Extraterritorial obligations in relation to TNCs/OBEs discussed during second day of IGWG on Transnational Corporations and other Business Enterprises

The second day of the Intergovernmental Working Group consisted of a panel on Primary obligations of States. The main theme discussed was on extraterritorial obligations in relation to TNCs and other Business Enterprises (OBEs).

Panellist Ana Maria Suárez from FIAN International emphasised on the importance of taking into account the Maastricht Principles when elaborating the binding Treaty. The Principles are not themselves human rights legal standards, but they can provide some guidance when considering incorporating extraterritorial obligations into the Treaty.

Another important issue was raised by Juan Hernández-Zubizarreta who underlined the normative inequality between the rights and the obligations of TNCs and OBEs. He highlighted that their rights are protected through the contracts they sign with states, while their responsibilities are only guided by soft code of conducts and self-monitoring.

Mr Meyerstein from the US Council for International Business caused discord when he claimed that ISDS was a form of Human Rights protection. The delegation of Bolivia and Mrs Suárez openly disagreed with such statement, as did civil society representatives. Indonesian Focal Point stated: “ISDS only protect the interests of investors.”

The representative of the US Council clarified later that individual investors, if they were individual human beings (called “natural persons”) might be able to make a claim before an ISDS mechanism. However, Dominic Renfrey, representative of ECSR-Net stated: “This ignores the fact that ISDS is exclusively used by corporate entities (known as 'legal persons') to defend their economic priorities, and companies do not have human rights.”

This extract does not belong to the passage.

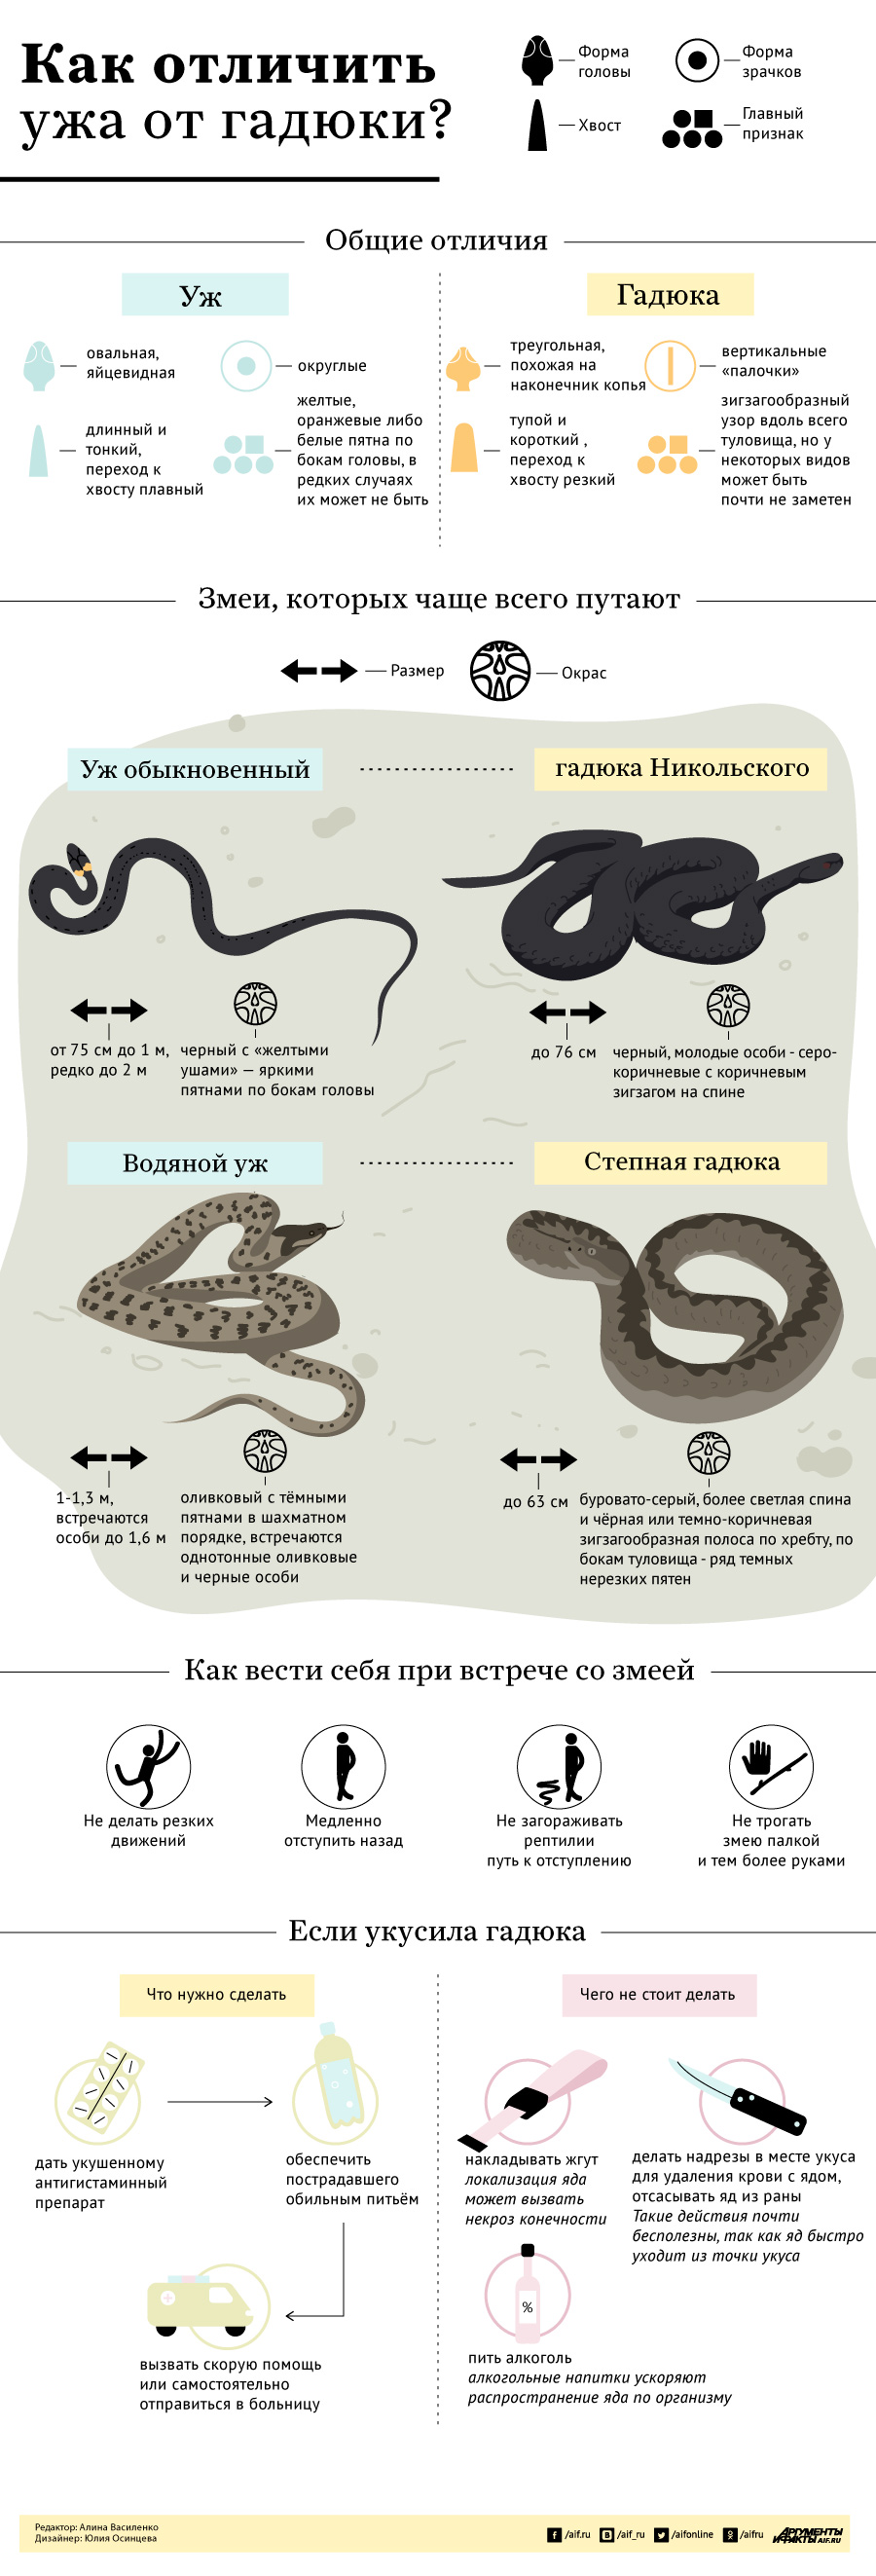 Инфографика змеи

It could be argued that ISDS mechanisms in fact further protect the rights of individual investors, rather than the rights of victims of human rights violations perpetrated by TNCs and OBEs; this echoes the normative inequality raised by Mr Hernández-Zubizarreta.

In the evening meeting, one of the highlights was in relation to limiting competition between states with regards to investments and investors. Article 5.3 of The Framework Convention on Tobacco Control was mentioned by (…) as a possible provision for the future Treaty to avoid conflict of interest between company representatives influencing state policies and legislations in favour of corporate interest.

Mr Tognoni, Secretary General of the Permanent Peoples’ Tribunal said that preventive measures should be included in all trade or investment agreements to avoid potential violations of human rights.

The important message to be retained from today’s meetings is perhaps that currently, companies’ reponsibilities are monitored by soft mechanisms. States who have interests in hosting such companies, fail to efficiently implement human rights standards and legislation that would effectively protect victims rather than favour TNCs and OBEs, especially when it involves extraterritorial activities.

“Neo-liberalistas”, as Ethiopia called private stakeholders, should not have their rights and interests put above those of victims of abuses by TNCs/OBEs

Closing the day, in the final contribution from the panel, David Bilschitz called on the IGWG to remember the foundation of human rights and that the UDHR calls for all organs of society to respect human rights, and that includes all actors with the ability to abuse human rights, including corporations.

He added, in defence of the idea for a robust international mechanism to implement the Treaty, that sometimes extraterritorial jurisdiction fails without a complementary international system to ensure accountability and remedy for affected people.